1.(A)ビタミンAを含む脂溶性ビタミン、
(B)ポリオキシエチレンポリオキシプロピレングリコール、
(C)クロルフェニラミンマレイン酸塩及びジフェンヒドラミン塩酸塩から選ばれる1種以上、
(D)塩酸テトラヒドロゾリン、
(E)ジブチルヒドロキシトルエン及びブチルヒドロキシアニソールから選ばれる1種以上、
(F)グリチルリチン酸二カリウム、及び
(G)ヒドロキシプロピルメチルセルロース、ヒドロキシエチルセルロース、メチルセルロース、ポリビニルピロリドン及びポリビニルアルコールから選ばれる1種以上
を含有する眼科用組成物。
2.(A)成分のビタミンAが、レチノールパルミチン酸エステル及びレチノール酢酸エステルから選ばれる1種以上である、1記載の眼科用組成物。

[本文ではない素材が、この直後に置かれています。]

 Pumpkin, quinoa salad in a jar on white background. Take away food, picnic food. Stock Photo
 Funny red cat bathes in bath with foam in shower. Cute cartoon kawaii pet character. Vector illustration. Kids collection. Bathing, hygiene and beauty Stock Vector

3.(C)成分と(D)成分との合計量に対する、(F)成分と(G)成分との合計量の質量比[((F)+(G))/((C)+(D))]が、(F)成分と(G)成分との合計量の質量比[((F)+(G))/((C)+(D))]が、1~110である1又は2記載の眼科用組成物。
4.(G)成分が、ヒドロキシプロピルメチルセルロース、ヒドロキシエチルセルロース、ポリビニルピロリドン及びポリビニルアルコールから選ばれる1種以上である、1~3のいずれかに記載の眼科用組成物。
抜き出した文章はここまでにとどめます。